Rock Soldiers
By Scott Wilson
Word Count: 668
Back in the summer of '83, Ace was going off the track in a big way. He lost his wife and son in a drink driving accident, well because of a drunk driver. With the driver being a high profile lawyer and buddies with the Premier of New South Wales, he managed to get off the charge with no criminal record; no time served and not even a fine.
Ace began drinking' and driving' himself after the trial and disappointment of seeing a powerful man escape justice. Each day was bringing me closer to Hell, with the Devil in the passenger's seat of his automobile. The Devil said to him each time he started the car, “Hey Ace, let's not be silly, there's a life out there to steal.” I didn’t know this at the time, I just thoughts he wasn’t coping with life.
He was a good friend of mine and we had been in a band, The Rock Soldier, together since high school. I don’t know how I missed how stoned Ace was the night of the accident that he caused when we drove home from a gig down in Sydney. I thought he must have been coming to terms with his loss. I thought Ace was back.
It was midnight on 12 December and we were on the highway back to Brisbane after four months touring the east coast; playing at any and every pub or hotel that would book us. I was sick after eating a bad batch of Chinese takeaway, otherwise it would have been mean me driving, and the accident probably would not have happened. Ace assured me he hadn’t had a drink all week and he was sober. I smelt his breath and he seemed clean, so I felt safe with him at the wheel.
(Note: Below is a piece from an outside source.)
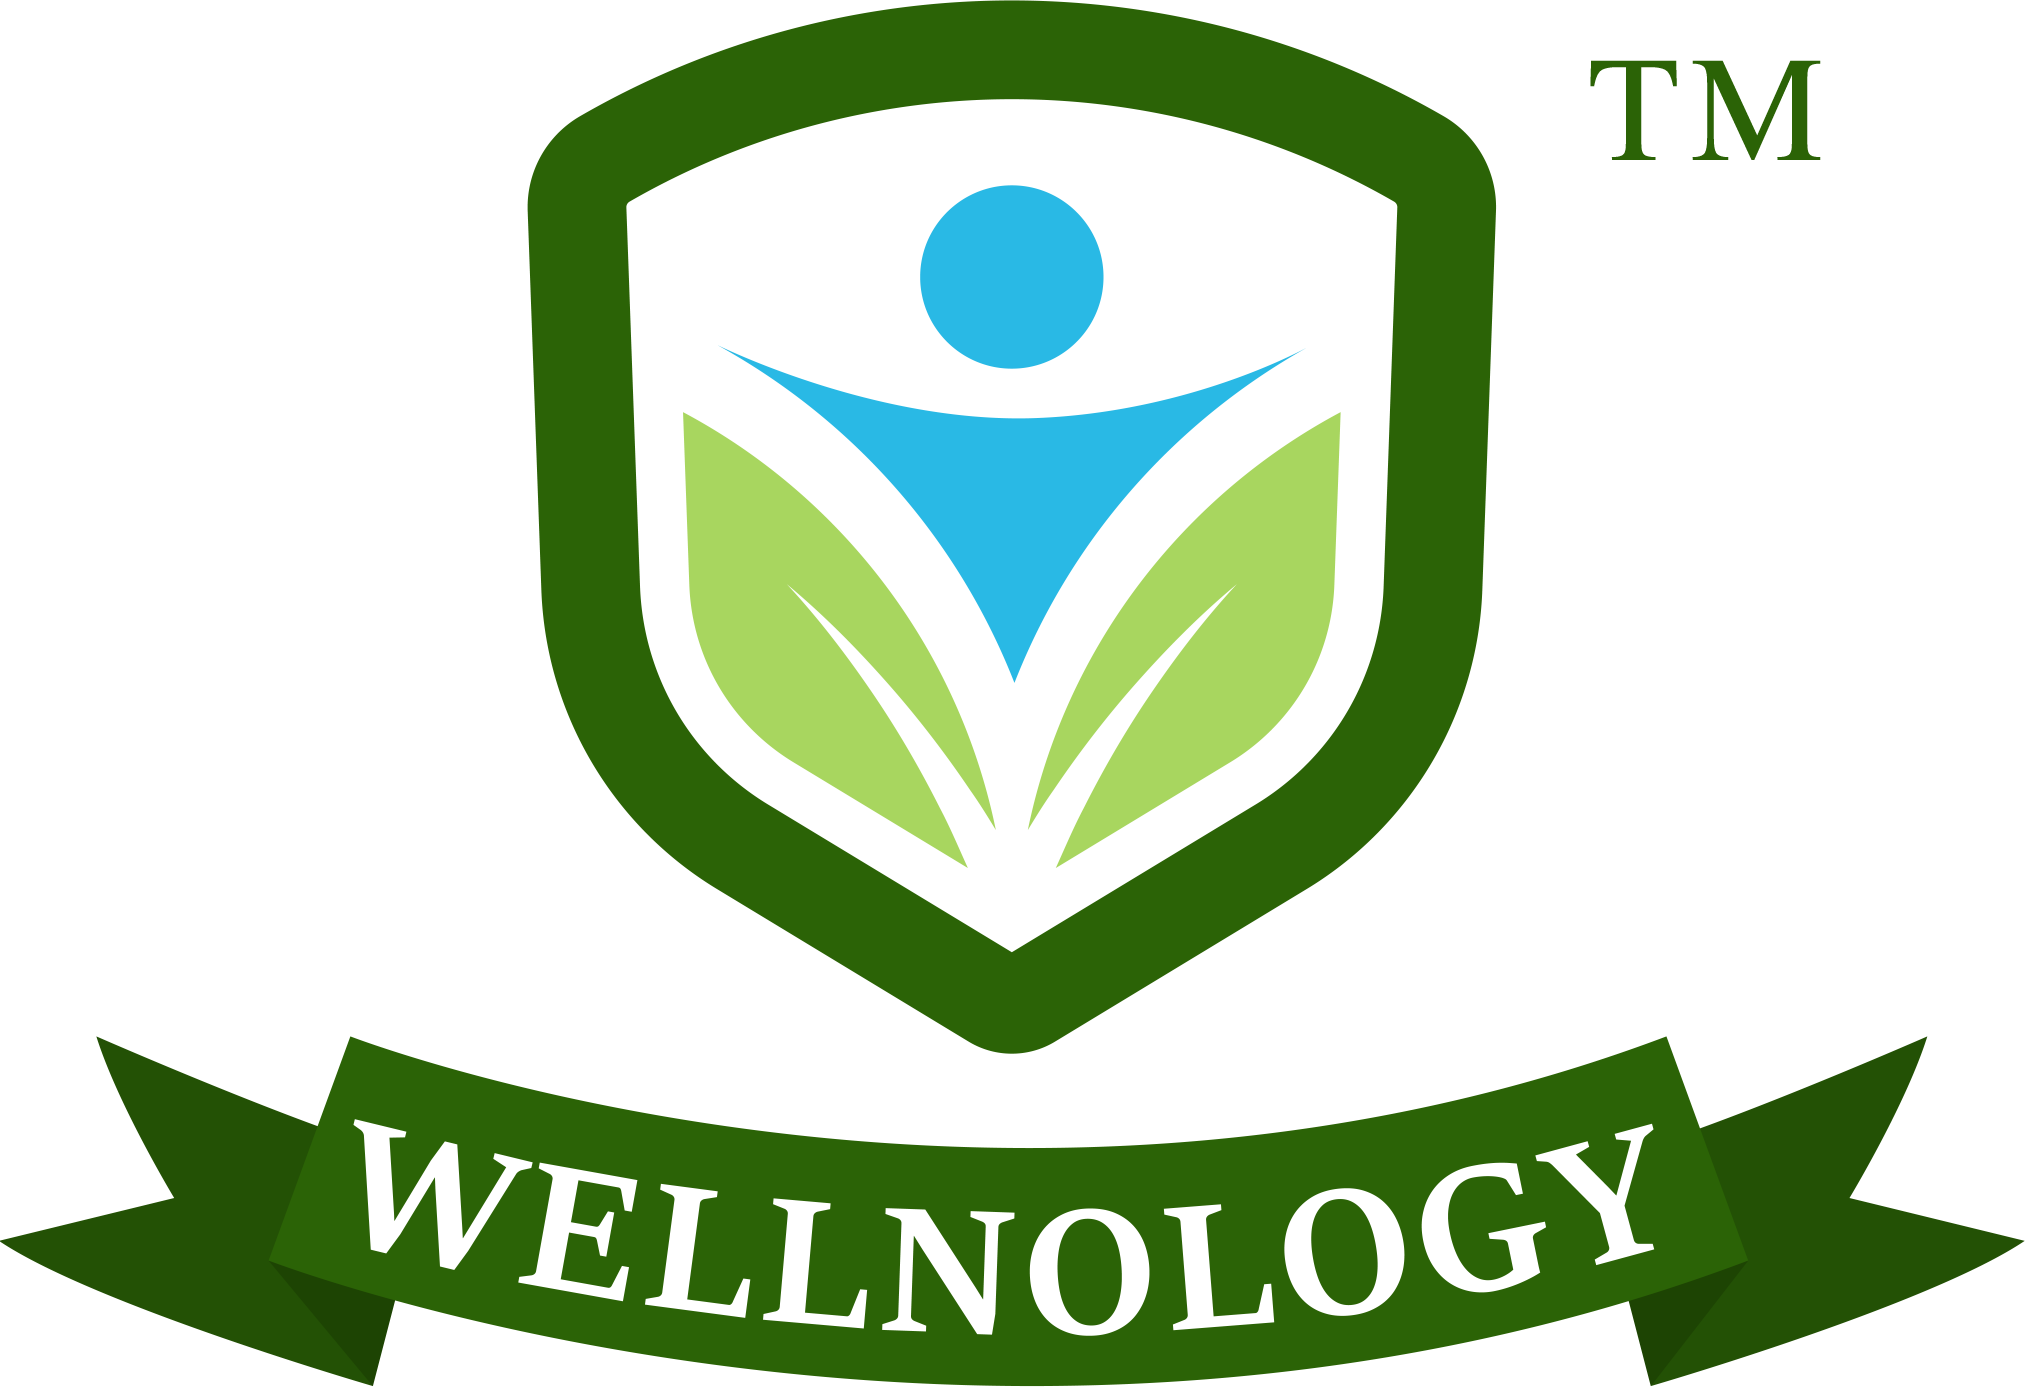 Wellnology

The sound of a police siren screeching like a banshee, hot on our tail woke me. I could see the flashing red and blue lights in the mirror and feel a chill in the car that was not from the AC being too high. I told Ace to pull over, but his eyes were glazed over and he did not seem to be focused on anything. They looked glazed over, as he had skulled a bottle of Jim Beam while I was asleep. I tried to grab his arm, but something stopped me. An unseen cold, bony hand grabbed my right arm and pushed it away. Nobody else was in the car, but I swear I saw someone, something, in the rear vision mirror when I looked back at the police car again. Something sort of human, but red and black, with horns like a ram and jagged teeth like a great white shark, smiling at me. When I blinked, it was gone and only the flashing lights of the patrol car were there again.
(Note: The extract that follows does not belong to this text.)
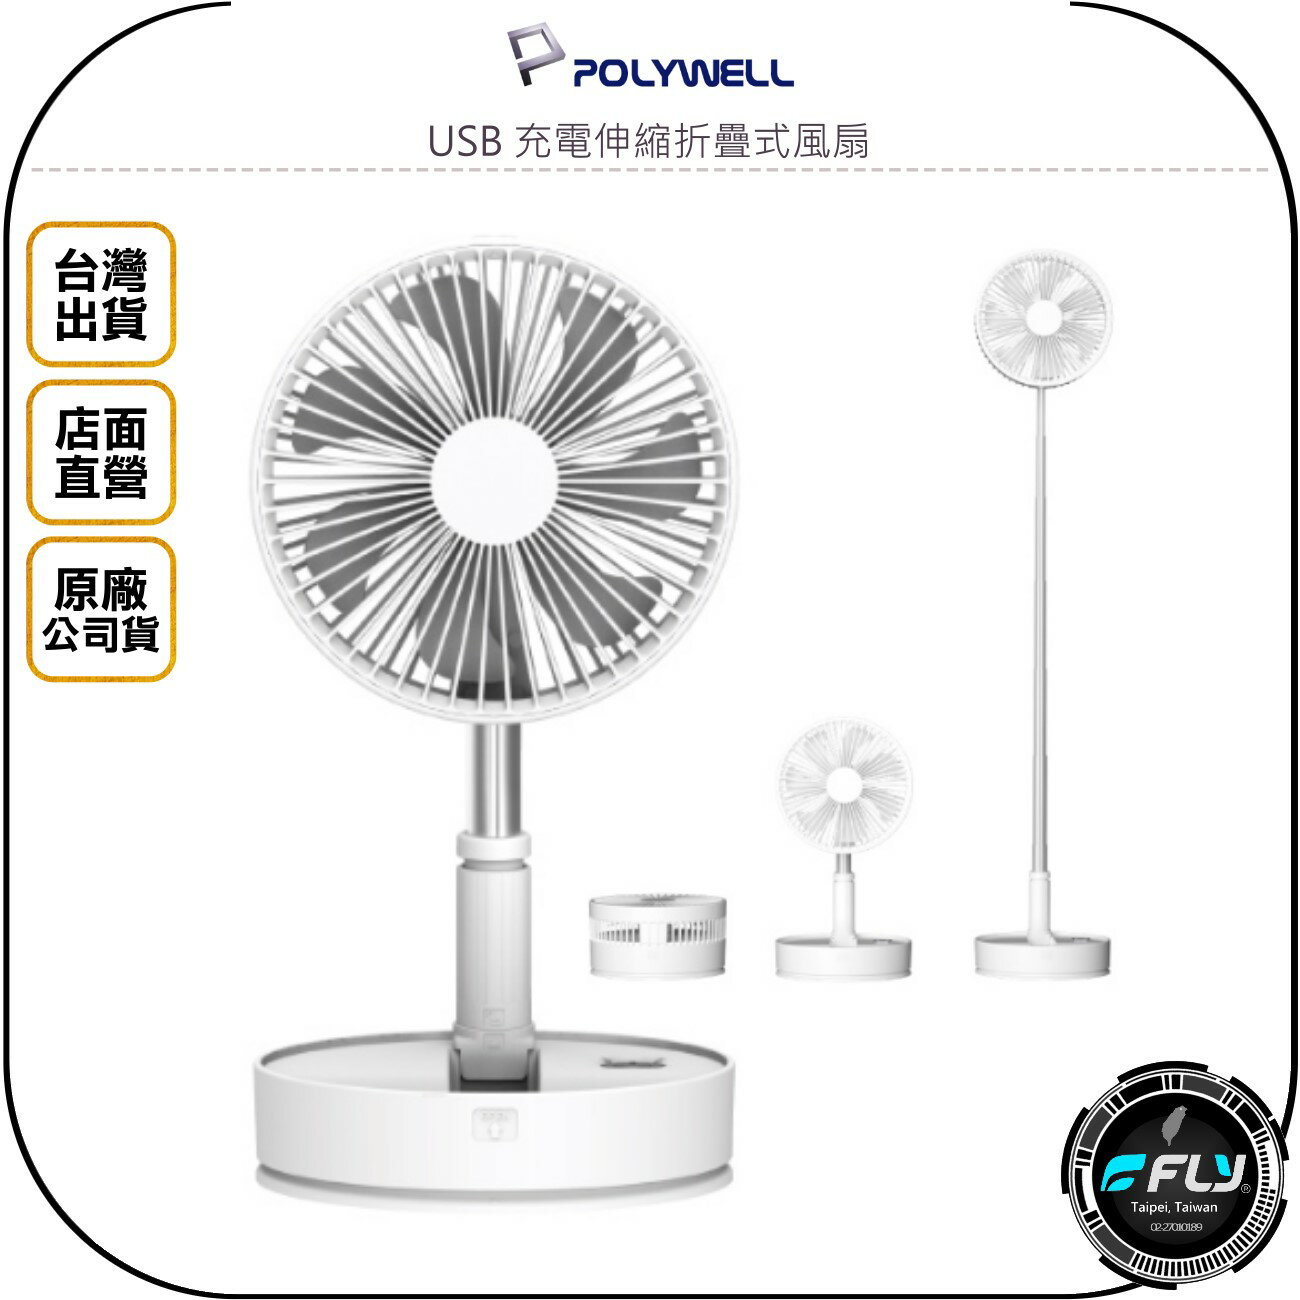 《飛翔無線3C》POLYWELL 寶利威爾 USB 充電伸縮折疊式風扇◉公司貨◉出遊攜帶◉4段風速◉左右搖擺◉上下轉向

I heard Ace scream, “I am invincible.”
I didn’t see the truck we hit or remember that much else from that night. In amongst the wrecked metal, smell of leaking fuel and blood, I rolled in and out of consciousness. Ace’s neck seemed to be at a strange angle and as I could tell, he wasn’t going to be waking up any time soon.
Friends say they will stay with you right through that danger zone, but the closer you get to that fiery hole the more you realise that you will have to make it alone. I felt my right leg burn; I looked down and saw the bone protruding from just below the knee. That pain was not as bad as the pain I felt, seeing Ace’s soul painfully pulled from his corpse. Ace looked at me with terror in his eyes and there was nothing I could do.
When I think of how my life was spared from that near fatal wreck at least I know that if the Devil wants to play his card game now He is going to have to play without an Ace in his deck!